The answer is that G-d knows all that happens, and also all that could
have happened. And it is possible that a grandfather bears some
responsibility for his grandson's misbehavior. Perhaps if the grandfather
would have given his son a better education, then his son in turn would
have offered the same to the grandson. This is clearly not always the case
- as we all know - and Yaakov requested that his name not be mentioned in
association with the rebellion, in order to demonstrate that he had no
connection to it, and the root of this evil did not come from him.
Rav Shach further explains that problems can occur even when the
grandfather is completely dedicated to Judaism and moral values. We must
realize, he says, that children are very sensitive to our emotions, and can
"pick up signals" rather than simply listening to our words. They detect
messages in our tone of voice, in the liveliness of our expressions, in our
interest and warmth. If the father or teacher delivers a lesson properly,
but in a cold monotone rather than a lively voice, then the son recognizes
it, and his heart grows cold to the subject!
This is why, specifically here, when confronted with the Mitzvah of "and
you shall tell it to your offspring," the Torah emphasizes that you should
say "it is for the sake of this that HaShem did for me." We learn in the
Talmud [Tractate Pesachim 115b] that a person is obligated to see himself
as if he (or she) left Egypt. Because only if one transmits this message
with liveliness and passion as if he experienced it himself, will it enter
and fill the heart of his son!
We cannot use this to blame today's assimilation crisis on previous
generations. Many people came to America and scattered to other countries
around the globe, but did so without the necessary tools in hand to
transmit a warm Jewish education. Interest in Judaism clearly waned, and
few noticed how great the problem was growing.

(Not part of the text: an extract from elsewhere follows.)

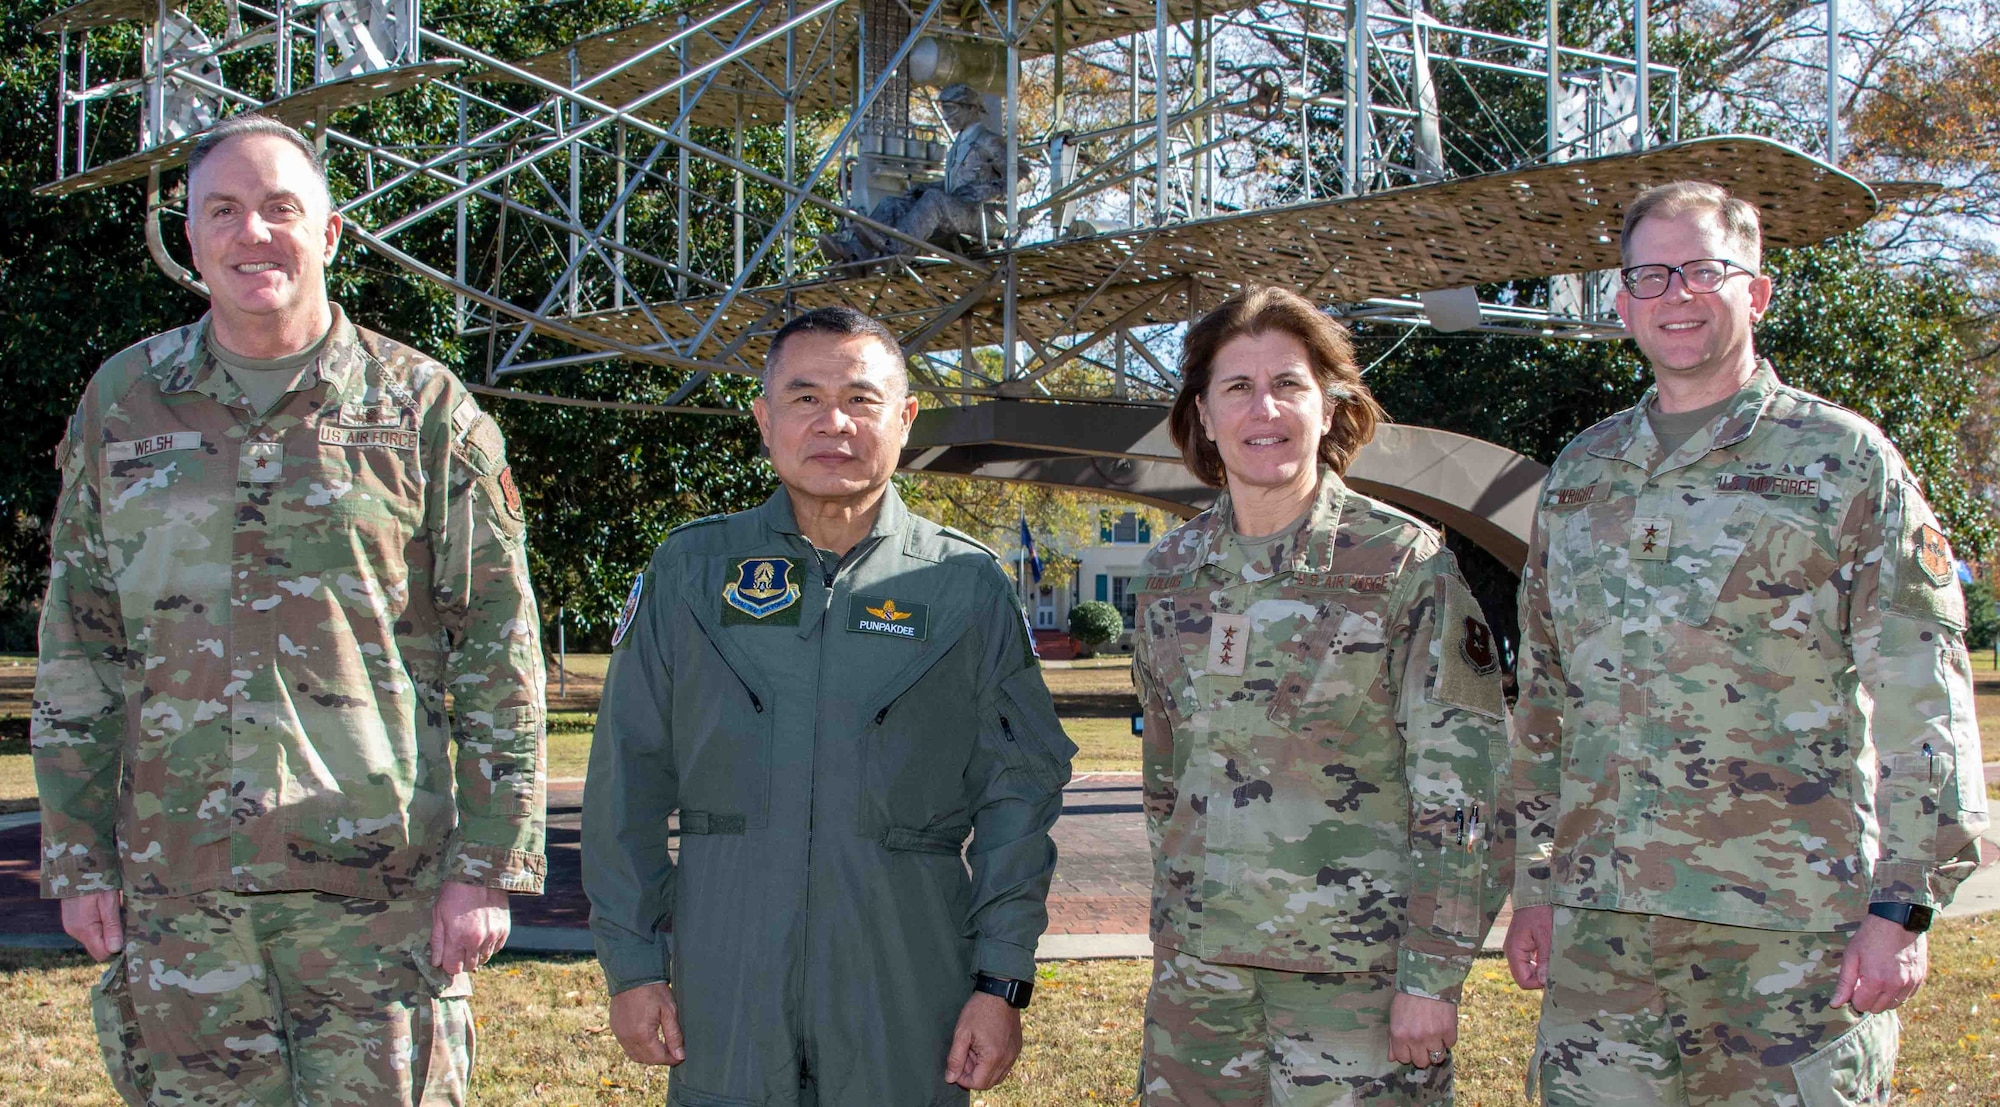 Royal Thai Air Force Commander-in-Chief Air Marshal Punpakdee Pattanakul (second from left) made his first visit to Air University and Maxwell Air Force Base, Alabama, Dec. 12, 2023, since assuming his position in October 2023. His visit was a continuation of the Chief of Staff of the Air Force Counterpart Visits. The visits facilitate key leader engagements and highlight the service’s units, organizations and installations. Pictured with Punpakdee are Lt. Gen. Andrea Tullos (third from left), Air University commander and president; Maj. Gen. Parker Wright (far right), Air University deputy commander, and commander, Curtis E. LeMay Center for Doctrine Development and Education; and escorting general officer Brig. Gen. Gent Welsh, assistant adjutant general and commander Washington Air National Guard, Camp Murray, Washington.

Today, on the other hand, we have all seen this lesson first-hand - it is
not enough to drop off the kids at the synagogue a few times weekly,
leading up to a big party at age 13, and expect them to grow up to enjoy
Judaism. It doesn't happen, it doesn't work. The Haggadah tells us: _we_
must transmit Judaism to our children - not a dry transmission of empty
ritual, but a vibrant and warm demonstration of our own love for Torah
study, the Mitzvos which we do, and the Jewish people of which we are a
part. May we receive G-d's help with this great task He has laid upon us!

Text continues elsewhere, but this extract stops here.